While Cooter snaked his tongue between Golden’s fingers in an attempt to get every last bit of sauce, Golden opened the door a crack and hissed at Clifton, who was still on bathroom vigil down the hall. Clifton came up, bobbing and bending at the waist, his face red with indignation. “There’s
two
of ’em in there,” he said. “Girls. I can hear ’em giggling and running the water. And Mom told the boys if we went out in the bushes anymore she’d ground us. Why won’t somebody help me?”

“I’m going to help you if you keep your voice down.” Golden held the door open for him. “Number one or number two?”

“Number one, mainly.” Clifton looked from Cooter to Golden. “Did Aunt Beverly lock you in here too?”

Golden took the bucket down from the shelf. “You see this bucket? You can go in this bucket, and forget all about the bathroom or the bushes, if you do one little favor for me.”
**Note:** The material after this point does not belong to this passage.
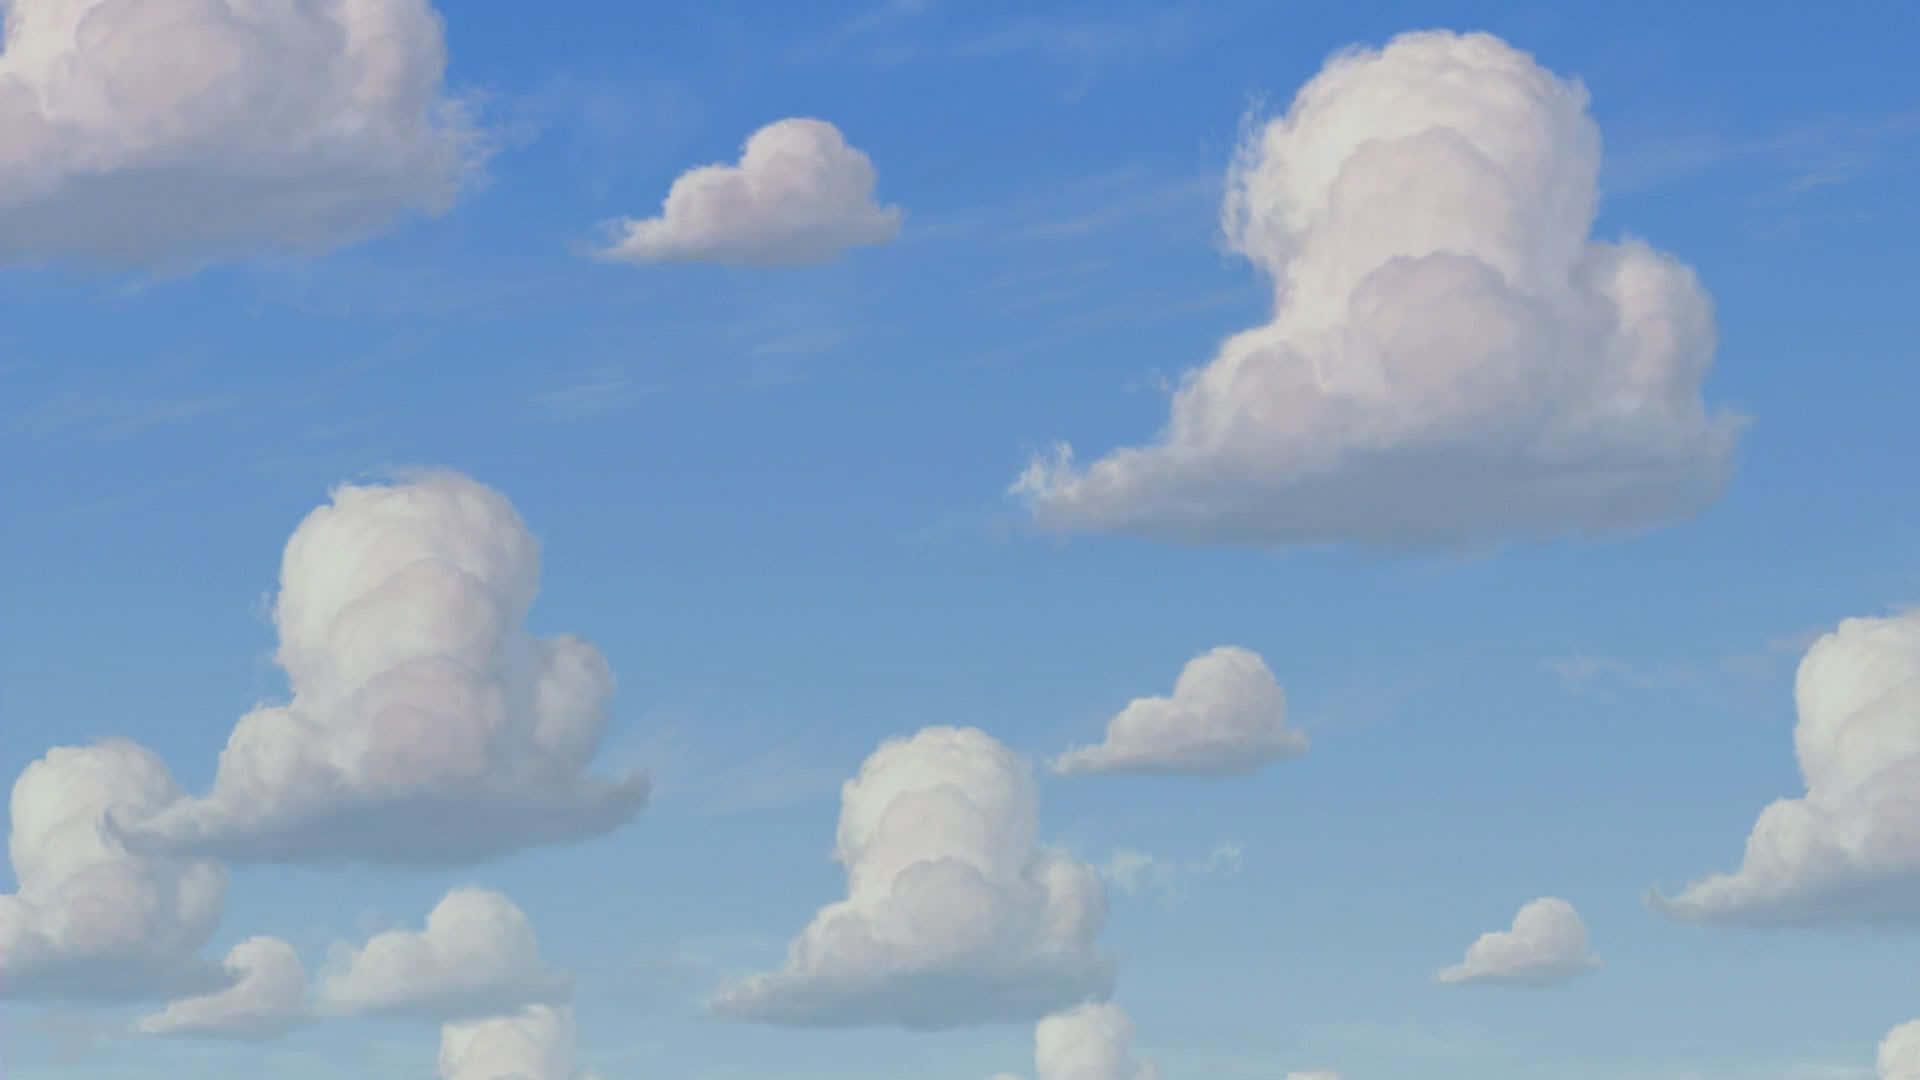 Kig op på himlen og se en drøm blive til virkelighed - en Toy Story Cloud! Wallpaper

“Did you go in the bucket?”

“Well. Yes. But you can’t tell anybody about this, understand? It’s a secret.”

“Can I have my own bucket?”

“This is an emergency bucket. There’s only one, and it’s for emergencies. You can use it if you do this one favor for me and don’t mention it to anyone.”

“How about I go in the bucket first, and then the favor?”

Golden shook his head. He knew that if he let the boy go in the bucket first he’d likely never see him again. “It’ll take just a few seconds. I want you to go upstairs and take a look around and find out where your mother and Aunt Trish and Aunt Rose are. Then come back and tell me. Like a spy mission. Top secret. Don’t talk to anybody. Me and Cooter’ll wait for you right here.”

In practically no time—about fifteen seconds, by Golden’s estimation—Clifton was back. “They’re in the upstairs kitchen. All three of ’em.”

“What? You already went up there?”

The boy shrugged. “I can run fast when I have to.”

“What are they doing?”

“Washing stuff and talking. Where’s the bucket?”